**EXERCISE AIM**: Where the line containing "Kaunid pildid pruutpaarist pulmapäeval" appears below, start there and repeat each line exactly to the end. Leave the pictures out.

**Recorded data**:
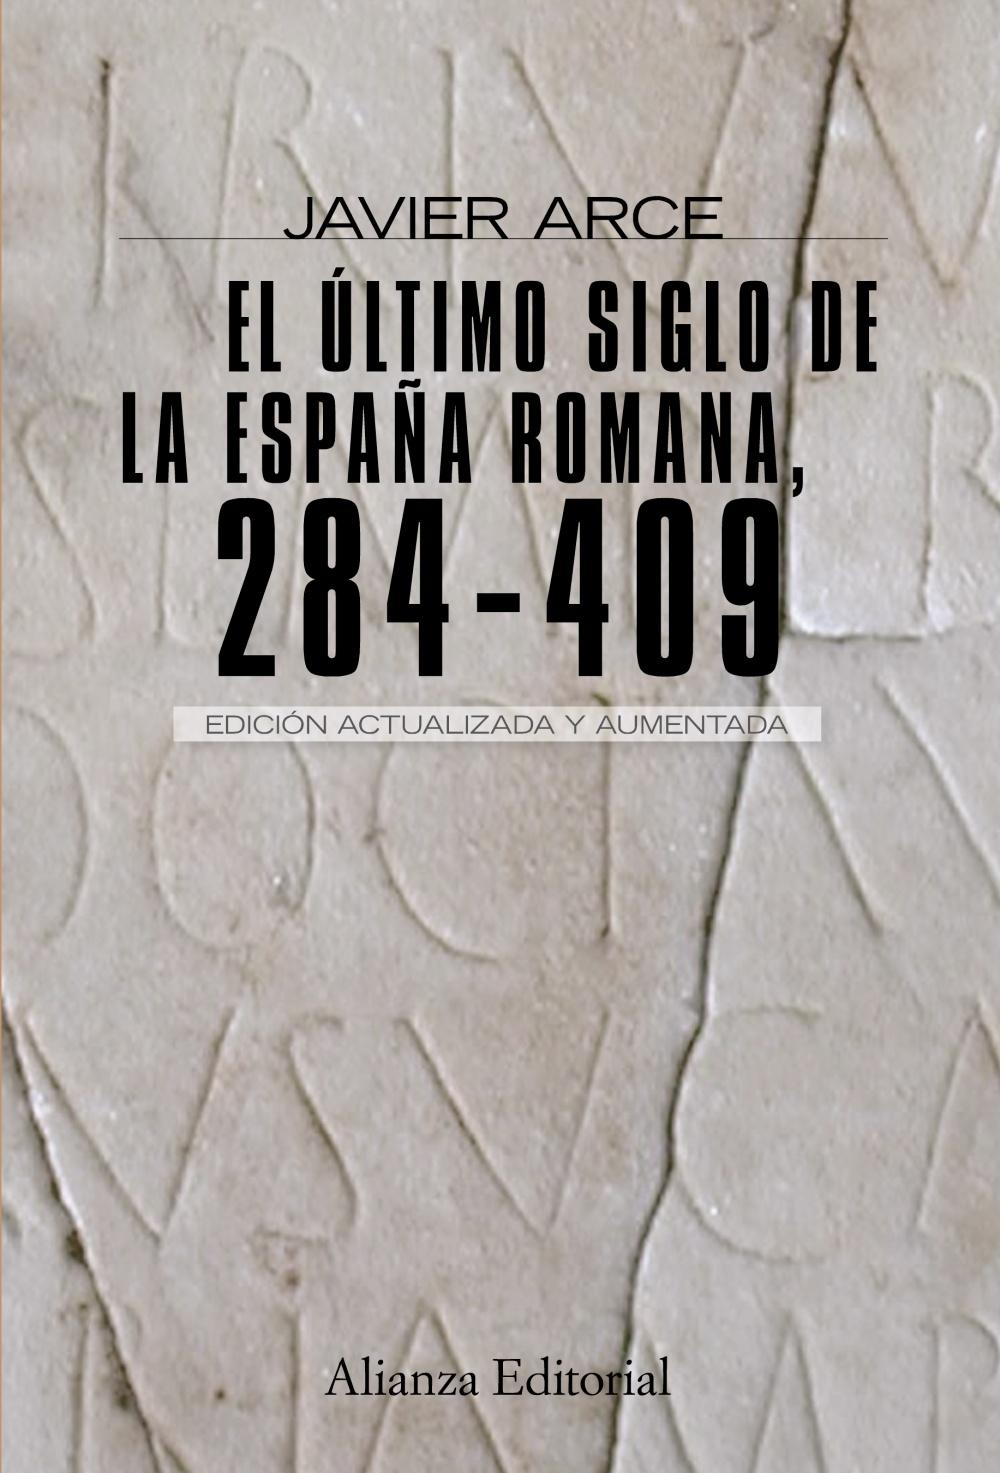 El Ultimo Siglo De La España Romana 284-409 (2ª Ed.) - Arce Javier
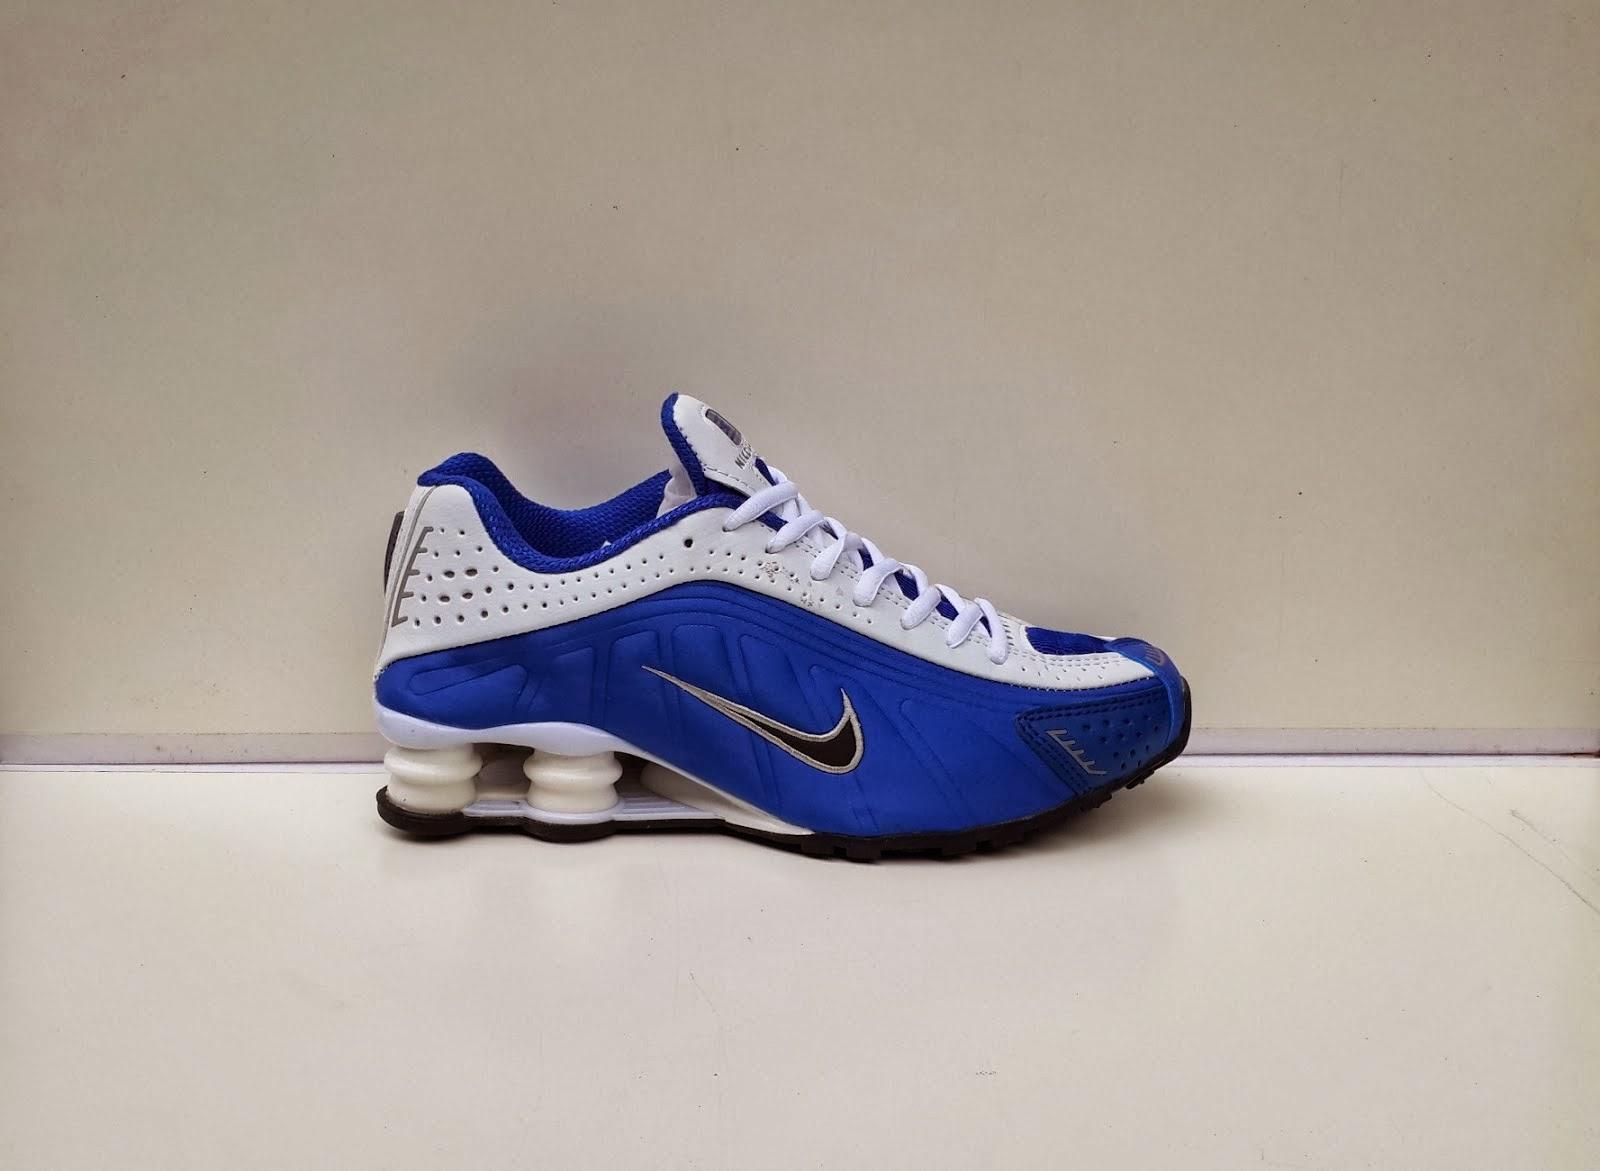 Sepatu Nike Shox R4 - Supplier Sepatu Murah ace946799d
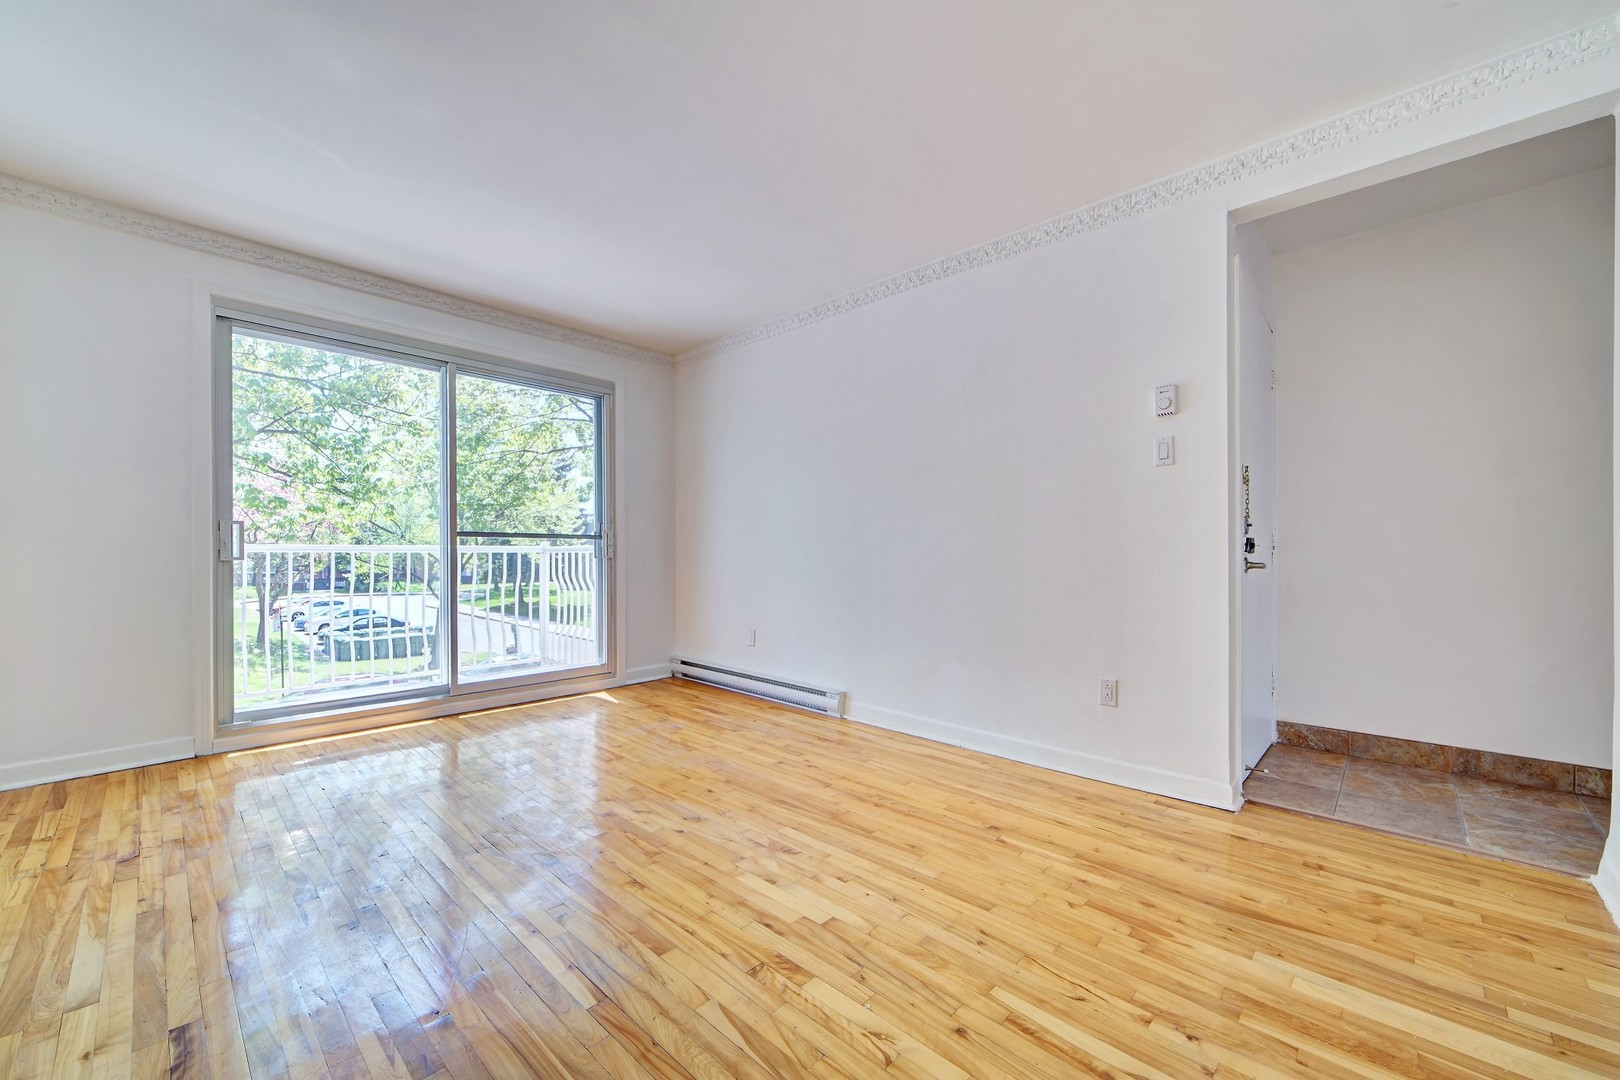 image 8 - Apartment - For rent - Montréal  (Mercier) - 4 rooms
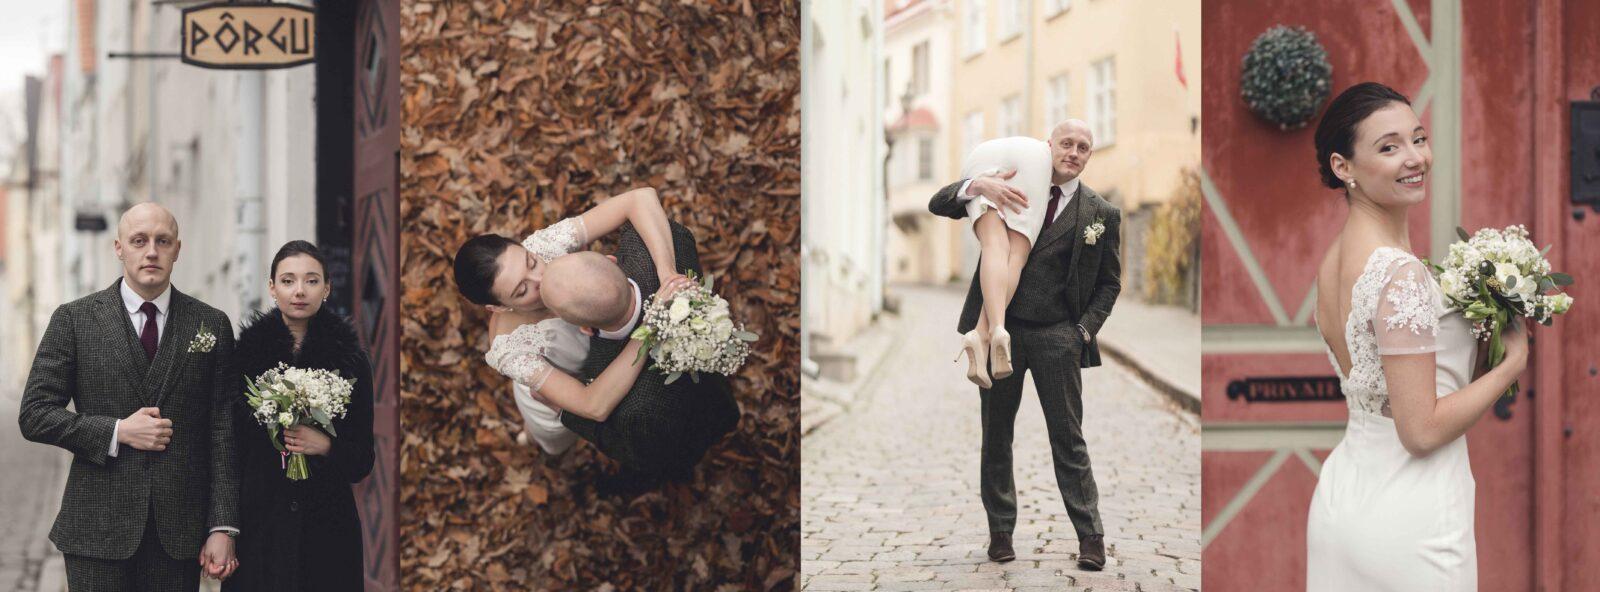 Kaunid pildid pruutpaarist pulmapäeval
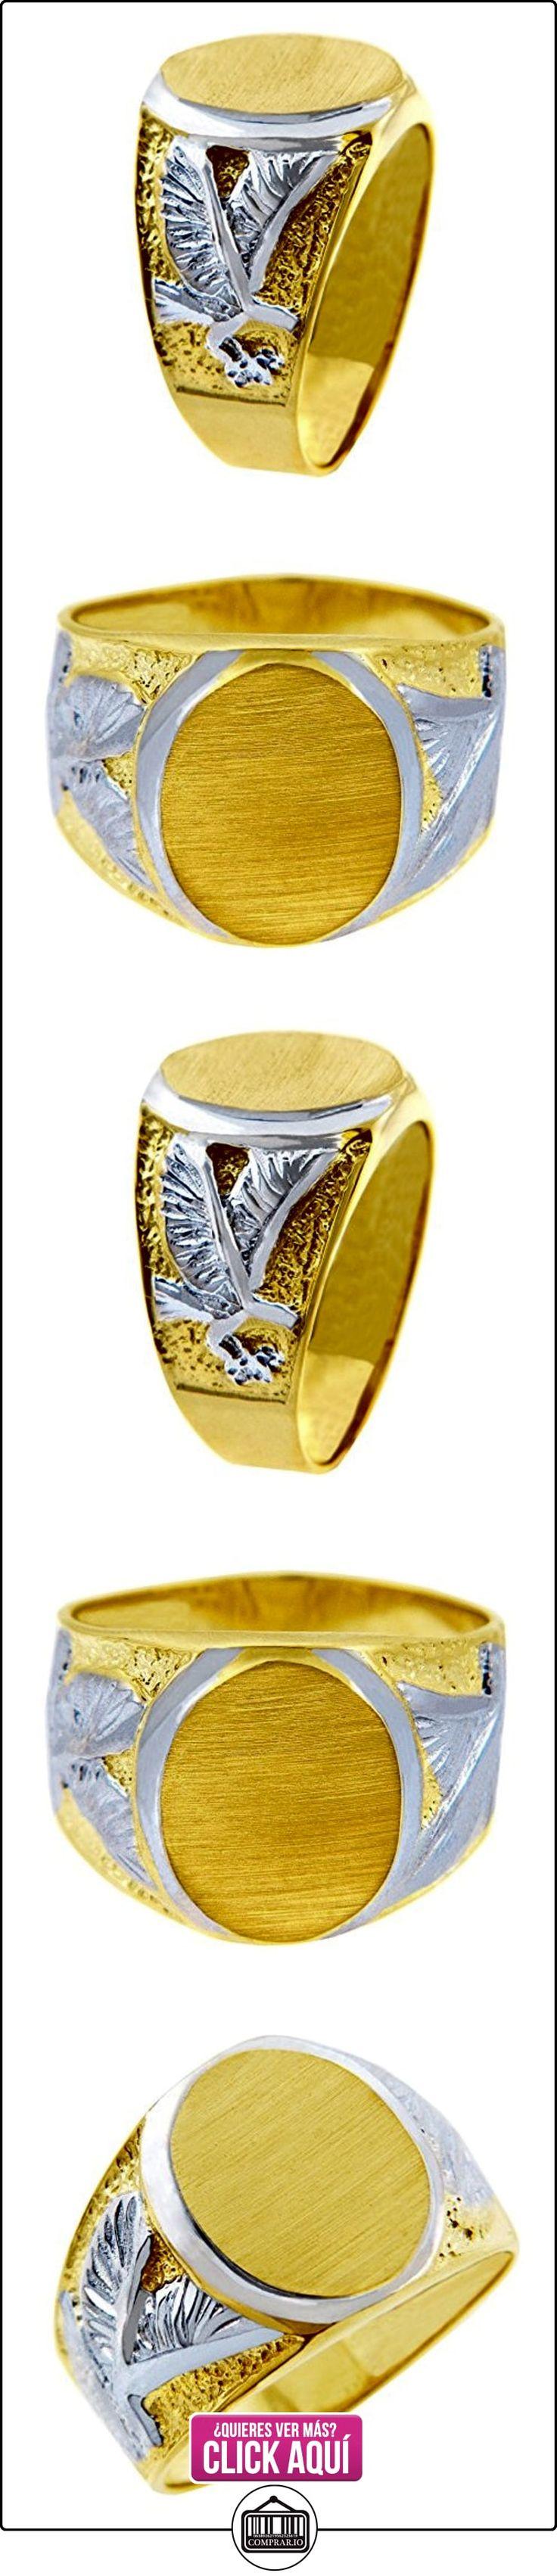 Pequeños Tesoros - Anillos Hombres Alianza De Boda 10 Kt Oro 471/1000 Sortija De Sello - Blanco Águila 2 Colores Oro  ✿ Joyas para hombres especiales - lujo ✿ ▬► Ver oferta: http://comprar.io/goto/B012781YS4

**ANSWER TO THE EXERCISE**:
 Kaunid pildid pruutpaarist pulmapäeval
 Pequeños Tesoros - Anillos Hombres Alianza De Boda 10 Kt Oro 471/1000 Sortija De Sello - Blanco Águila 2 Colores Oro  ✿ Joyas para hombres especiales - lujo ✿ ▬► Ver oferta: http://comprar.io/goto/B012781YS4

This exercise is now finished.